I may not be in fourth grade this year, but it's still one of my favorite summative assessment experiences ever. Most nine and ten year olds aren't terribly versed in finances. At all. And where I teach, most nine and ten year olds live a rather indulgent life. But for a good six weeks or so, they become more aware, more careful, and more involved in the way the world works when it comes to money.
Aside from the awesome summative, there are two reasons that I really like sharing this unit's learning experiences with the kids.

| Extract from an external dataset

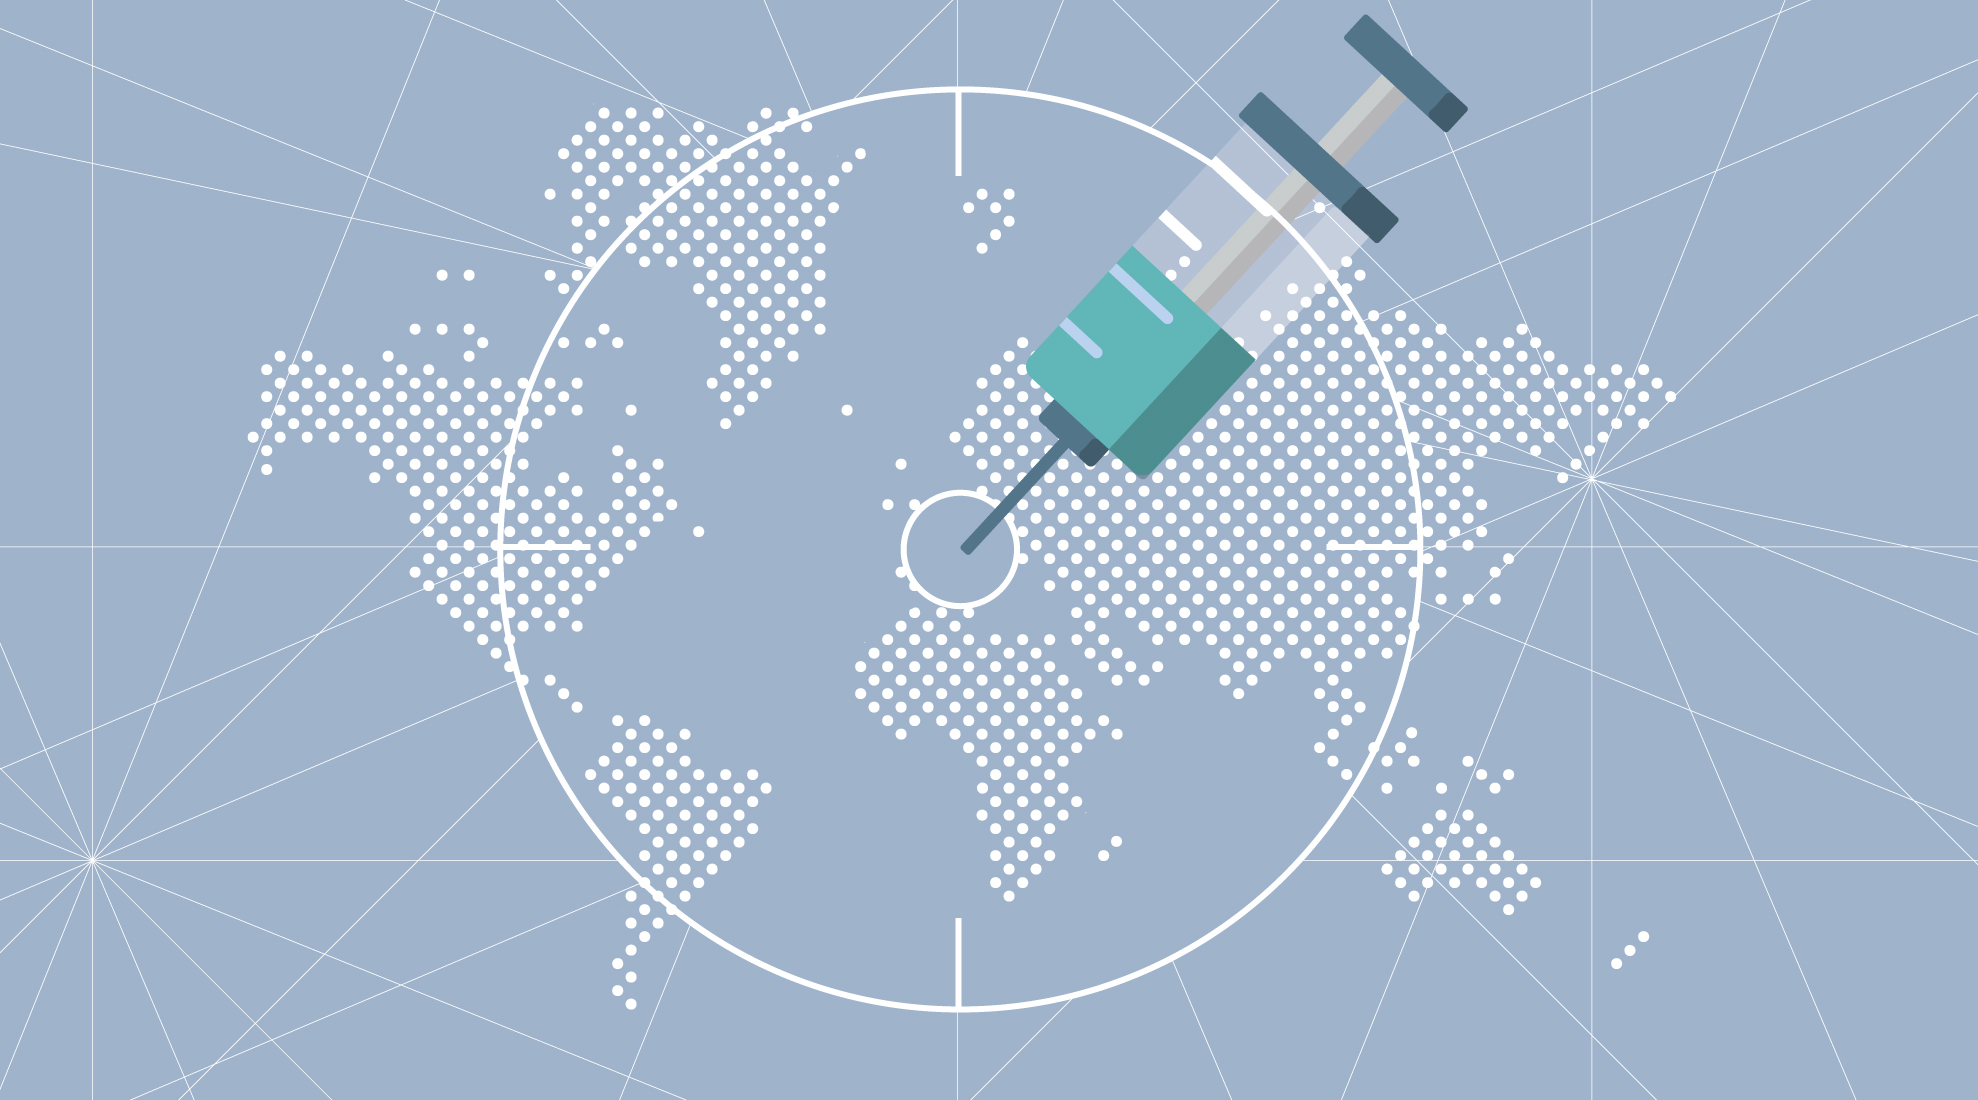 Así avanza la vacunación contra el Covid-19 en todo el mundo

First, it's very heavily supported by literature. Good literature. Mostly picture books, too, though there are novels used for book clubs as well. I love reading aloud to my students. I love being able to pause and leave them hanging (literally filling the room with "c'mon Ms. Diem, don't stop there!" cries.) I also love watching the lightbulbs go off, almost like those little pop caps that explode when you throw them on the cement. With this unit being in the theme of organization, those lightbulbs often relate to the fact that connections are everywhere. EVERY. WHERE. The choice you make when picking out what you want for lunch does indeed connect to what the farmer grows, and so on and so on.
Second, it's one of the most real-worldly connected units we've got. Yeah, sure, money always lends itself to real world, but this unit? It leads the real world into the classroom, and not the other way around. From watching T. Rowe Price commercials to determine how things are connected to each other, to simulations to experience market, command, and traditional economies, this unit brings the real experiences right into the room. We all know that real world experiences make the most meaningful learning, right? Right.
Anyway, this year's International Day of Trade (formerly, by the way, known as Market Day,) was another high energy experience. It seems that every year, the classes get more and more creative with their products and services. Third grade leads nicely into this unit, as they create a business plan for their summative assessment, and I love seeing how it all comes together in this fourth grade learning adventure!